Thursday, April 30, 2015

The Opium of the People

A missionary-minded friend sent me a link to an evangelical Christian book discussing the Marxist dictum: "Religion is the sob of the oppressed creature, the heart of a heartless world ... the opium of the people."  I cracked the book and had some ideas of my own.
 
To me the title of this book--Opium or Truth?--begs an important question.  In what way is opium not truth?  Regarding Marxism, I agree with Karl Popper, who called it a modern humanitarian religion (which the Bolsheviks and their ilk practised the way the Holy Inquisition practised Christianity).  So Marxism is just another kind of opium, subject to the same accidents and afflictions that attend the brands it aims to displace in the marketplace of ideas. 

I think the Daodejing is a better book for understanding the world, from the perspective that Life (or God) has given me, than is the Bible.  That does not mean that I resent people reading the Bible (or similar books), only that I don't personally find in it the deep meaning that they do.  I thought I found that meaning, for many years, but I kept searching the world and experiencing new things--and at some point I realized that the Bible is not the only or even the best guide for my life. 

My religion is not primarily about books or beliefs, in the end.  Books and beliefs for me are just tools, means to enable a kind of existence that is bigger than they are, that includes more things.  I need some connection to people, people who don't live on the other side of the world (or in an office building I can never visit in Salt Lake City).  I need some connection to the non-human environment around me that I can believe in (as I cannot believe in the gods I meet in the Old and New Testaments, the way these are commonly interpreted).  I need friends, nature, and service. 

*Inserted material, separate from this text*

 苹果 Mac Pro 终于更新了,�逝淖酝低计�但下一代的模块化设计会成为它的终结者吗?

The Bible does not offer me any of that.  In fact, it seems to take that away, when churches founded around it want to spend all their time talking about the Bible, instead of living what I see as a holy life.  I understand Jesus differently today than I once did.  I think his message was likely a bit different from what many people seem to think.  He did not write anything.  He did not command people to write.  He came to fulfil the Law: so why are we still reading it?  The Old Testament is done, gone, a curio--no different to Christ, in my mind, than the Epic of Gilgamesh.  The New Testament is not really much better: somewhere in the midst of miracle tales, sectarian rants, and pseudo-philosophical speculation (not to mention the straight-up insanity known as the Book of Revelation: that is some strong opium there, maybe LSD), the basic Christian message of universal love and political renunciation ("my kingdom is not of this world") gets buried and lost, so lost that hardly anyone finds it (especially not the people who spend their entire lives bloviating about the secret meaning of the impossible riddles we find in Isaiah, Daniel, Ezekiel, or the Book of Revelation).

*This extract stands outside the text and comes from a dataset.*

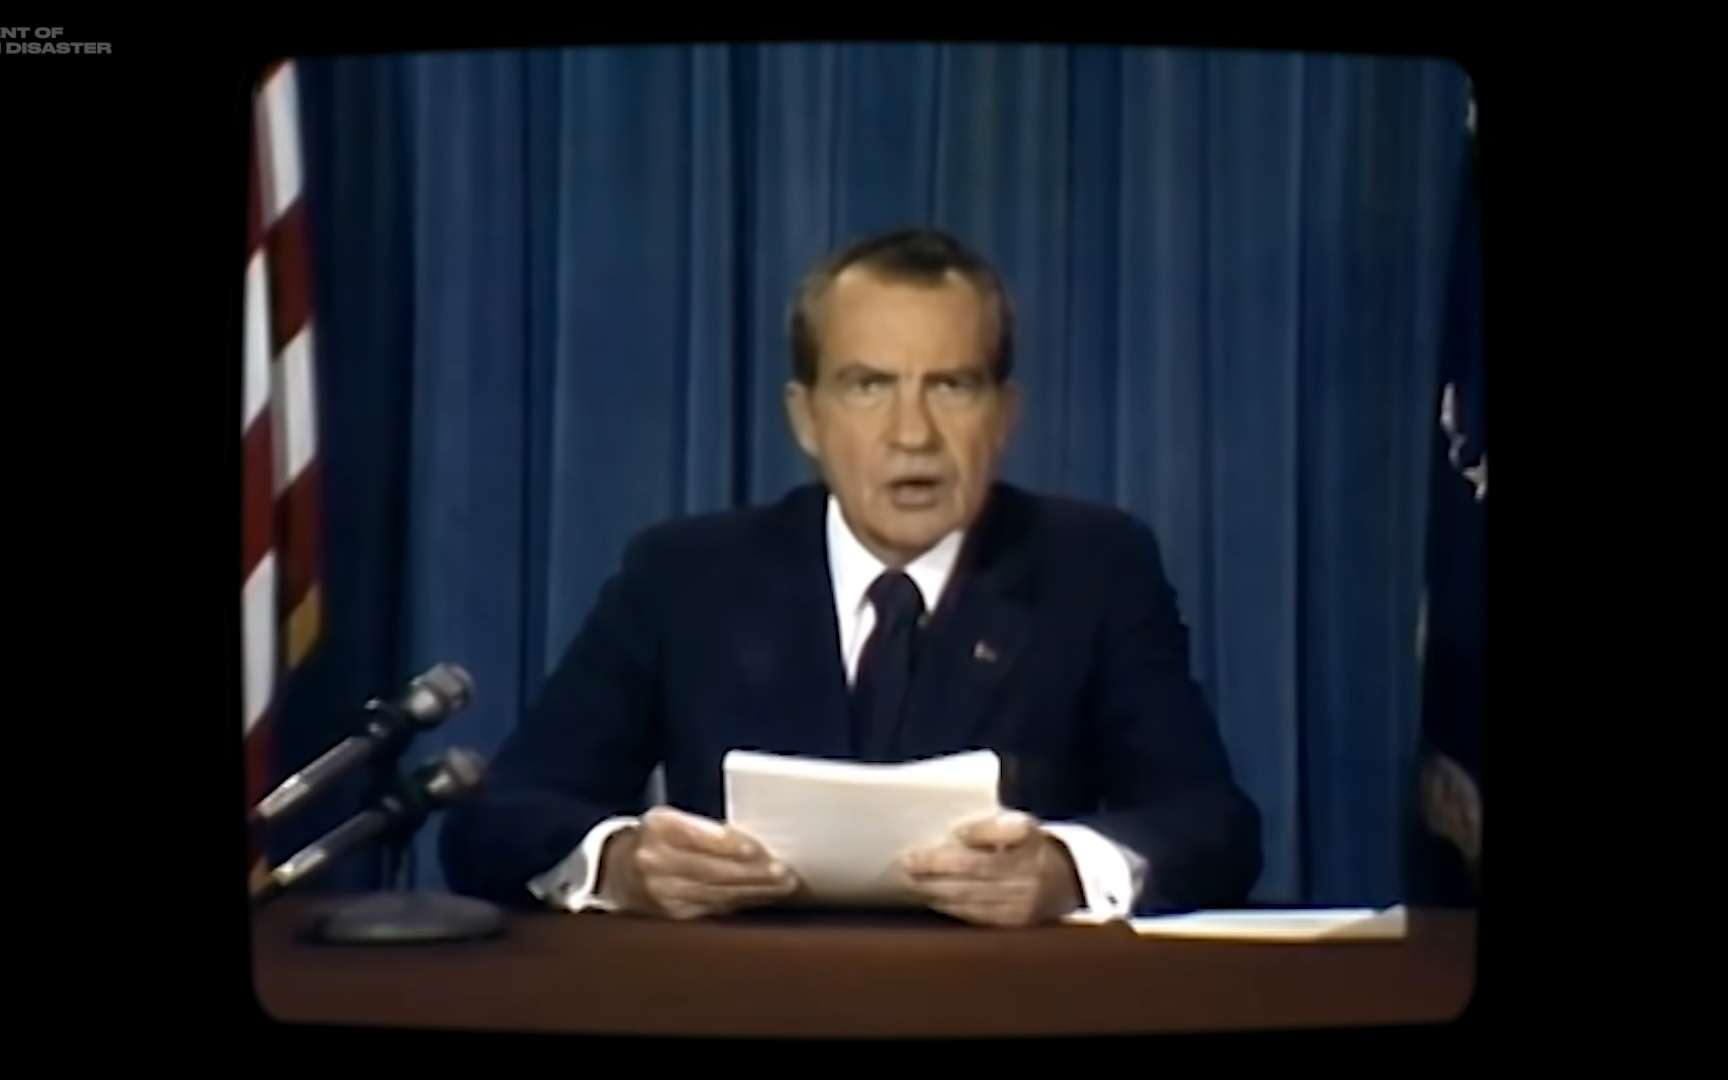 Grâce à l'intelligence artificielle, le président Nixon lit un discours qu'il n'a jamais prononcé en réalité. © Francesca Panetta et Halsey Burgund

I know you love the Bible.  It allows you to build a coherent life, one in which you get some kind of regular access to whatever it is that you need to be a good person (relating well to God, to yourself, and to the rest of us).  That is great.  Not all of us can have that the same way.  I don't want to take your life away and replace it with mine.  I am not sure that reading the Daodejing would improve your life.  I don't know precisely what it is that you need to live well.  I leave the negotiation of that problem to you and God (without any definitive idea myself of what that means: deity is a mystery for me, a mystery that people don't understand--especially not when they think it is clearly visible in some book like the Bible).  I rejoice when you are happy in your religion.  I am sad when you are sad.  I am here to help you in any way I can. But I cannot share your faith anymore than I can share your mind or body.  We are not the same--similar though we might be, much as we might share (in terms of inheritance, of culture, of history and experience). 

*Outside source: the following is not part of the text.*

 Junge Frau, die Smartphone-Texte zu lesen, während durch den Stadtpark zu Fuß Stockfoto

If I were to identify myself as a practising Christian, a thing which could happen, I would not make the Bible central to my Christianity.  What appeals to me in Christianity is not the Bible, but the renunciation of attachment--to the world and its ideas, including all the worldly ideas in the Bible (which is a very worldly book, in my experience, one that includes reading many books).  I could see myself becoming some kind of Orthodox (probably not Catholic) hermit, monk, or recluse--retiring from life to pray, sing, and grow a nice garden someplace remote, with a cave or cell I might inhabit peacefully (with or without a Bible: I don't particularly care).  At this point in my life, this option is not really a good one.  I have a family to look after, and the Christian traditions that surround me are not really friendly to contemplative approaches that eschew theology.  Instead, everyone wants to debate the Bible, to establish orthodoxy, to get the sacraments right, to make the kingdom of heaven come down to earth so that we can all see it the same way, in the same things.  I really dislike this vision of religion, of Christianity.  It is not my religion.  It really never was, not even when I was a good Mormon.  I did not want to impose faith on people; I was not interested in convincing or converting folks against their will.  I just wanted to understand myself better, myself and the mystery I know as God.  That is all I have ever wanted.  I am still pursuing my quest; I have just left behind the conviction that it must lead me to active affiliation with religion that is not mine--with life whose integrity I cannot know and embody for myself. 

We don't all react the same way to the same opium.  When the truth sets us free, we don't all use our freedom the same way, to do the same things.  This too is part of the mystery we call God.